The Last Hurrah for the
Coinola Midget Duplex Coin Piano
also known as the Thirty Tunes Coinola

(Photograph courtesy of Dana Johnson.)

Coinola Portfolio photograph of the Coinola Midget Duplex coin piano. This attractive cabinet piano was introduced in 1927, too late in the declining coin piano market to attract much attention, and so, consequently, few were sold and even fewer survive in collections today. It could play the standardized style "A" music roll, but Capitol cut special extended 15-tune music rolls for this instrument, which was alternately advertised as the "Thirty Tune Coinola." Soon after the introduction of the Midget Duplex all Operators Piano Company advertising disappeared from trade magazines, and sadly the Coinola line of coin pianos gradually faded away into the dustbin of history.

(Photograph courtesy of Don Teach.)

Coinola Midget Duplex coin piano #9829. The case is oak with a silver-fox finish (a black stain finish with white glazing rubbed into the wood pores), providing a pleasant contrast against the colorful art glass. Notice that there are two music program card holders, one is to the left of the left-side art glass panel, and another to the right of the right-side art glass panel.
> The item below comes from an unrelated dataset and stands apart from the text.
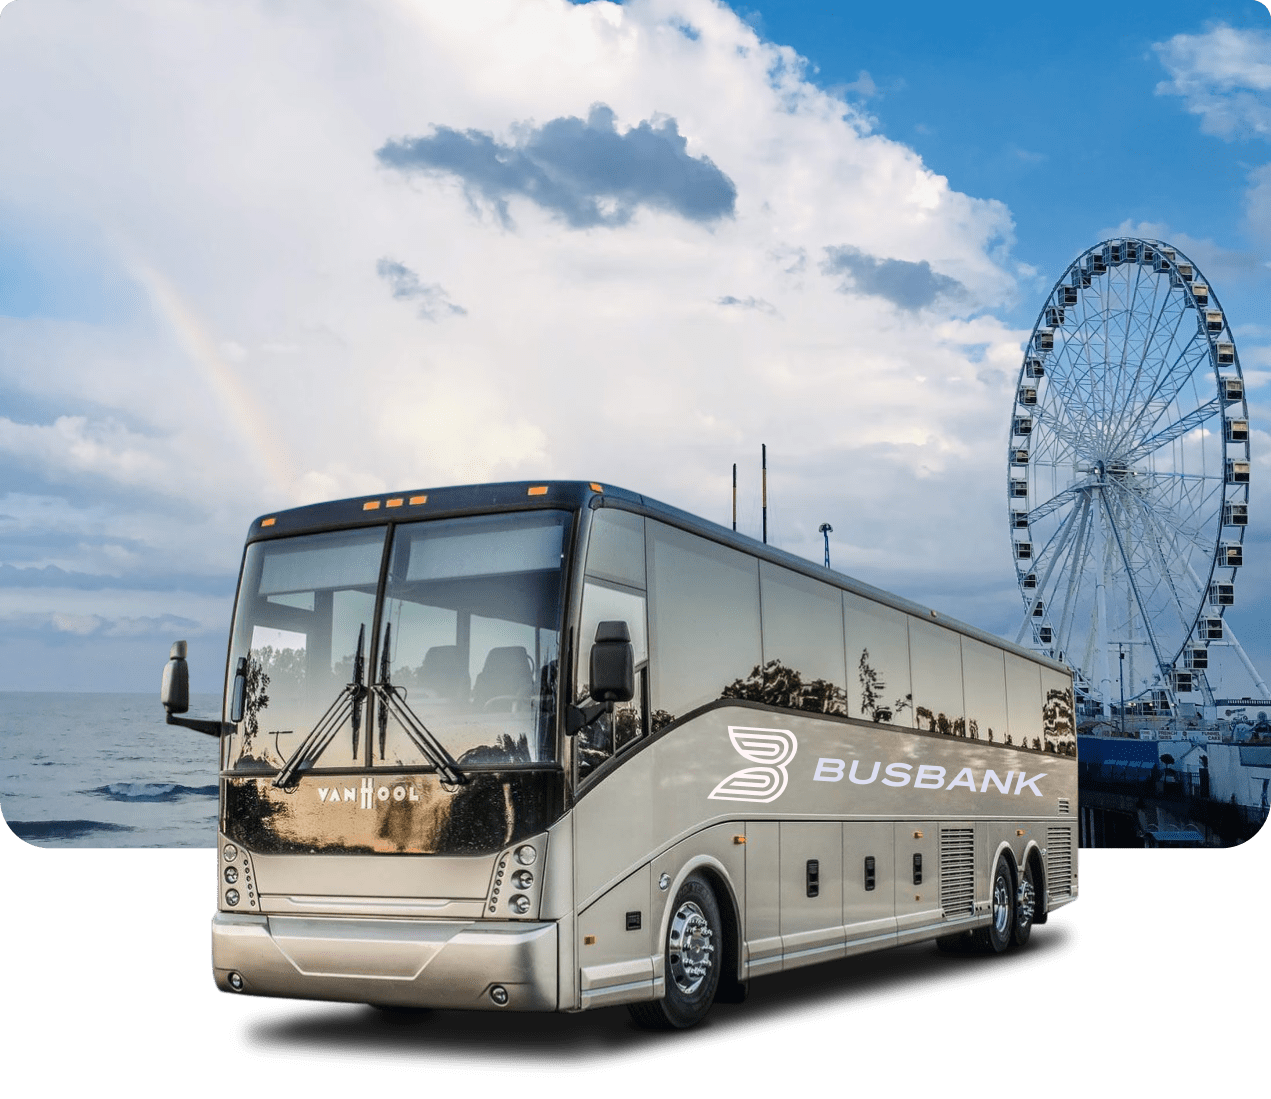 cheap bus trips to atlantic city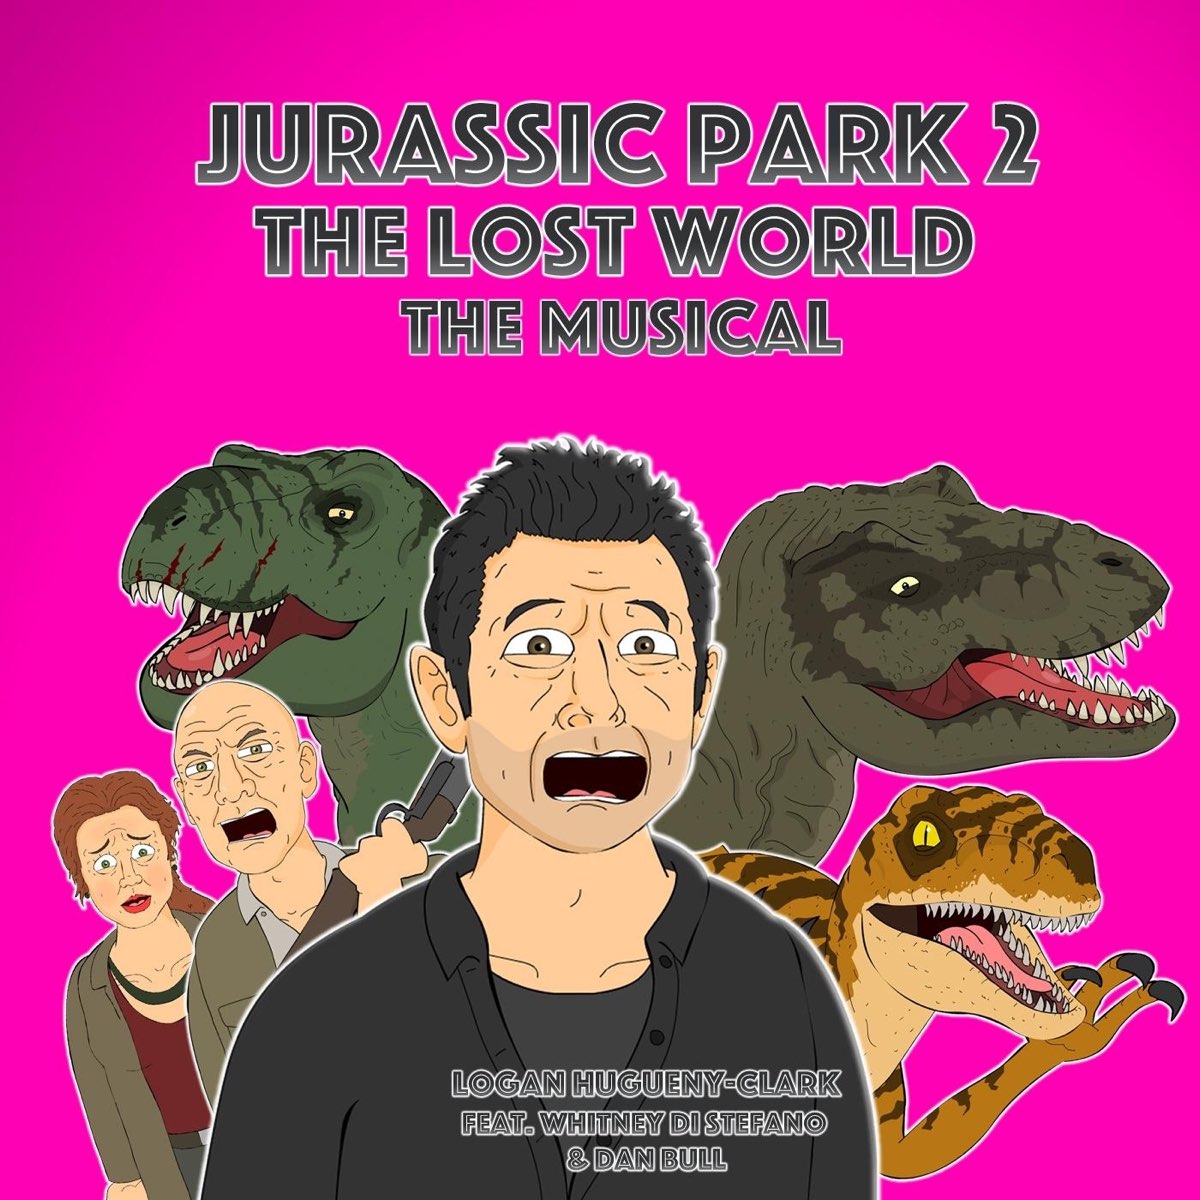 Жил динозавр песня. Jurassic Park 3: the Musical Logan Hugueny-Clark. Юрасик парк пародия. Песни про динозавров. Динозавр музыкальный.

The oval shaped bevel glass in the center of each art glass panel allows the patron to view the large tune number that is rubber-stamped on the music roll. Then by correlating the tune number with the appropriate tune program card it is possible to know which tune will play next on either the left or right side roll mechanism. At center, between the two roll frames, is a small placard that reads: "Select Right or Left Roll Before Droping Coin" (sic). Thus the customer moves the little lever below the placard to whichever tune is desired, and then inserts a nickel into the coin slot to hear the selected tune.

(Photograph courtesy of Don Teach.)

Interior of Coinola Midget Duplex coin piano #9829. The Midget Duplex was built in a unique case that employed a 66-note piano. However, to accommodate the A-roll scale the piano was tuned differently than were the typical late-style 66-note O-roll Midget pianos. The lowest note on the Midget Duplex piano (B) and the seven highest notes (A# to E) are not played by the stack. That leaves the normal 58 notes of the “A” roll, C through A, that are played automatically.

Below the roll frame shelf and at center is the roll selection lever (left or right side) and "foolproof" lockout device, which prevents any tampering with the roll selection until the machine shuts down. At the bottom of the case is the vacuum pump and reservoir. Above the pump and at left is the electric motor that powers (by means of leather belts) both the pump and the duplex roll system.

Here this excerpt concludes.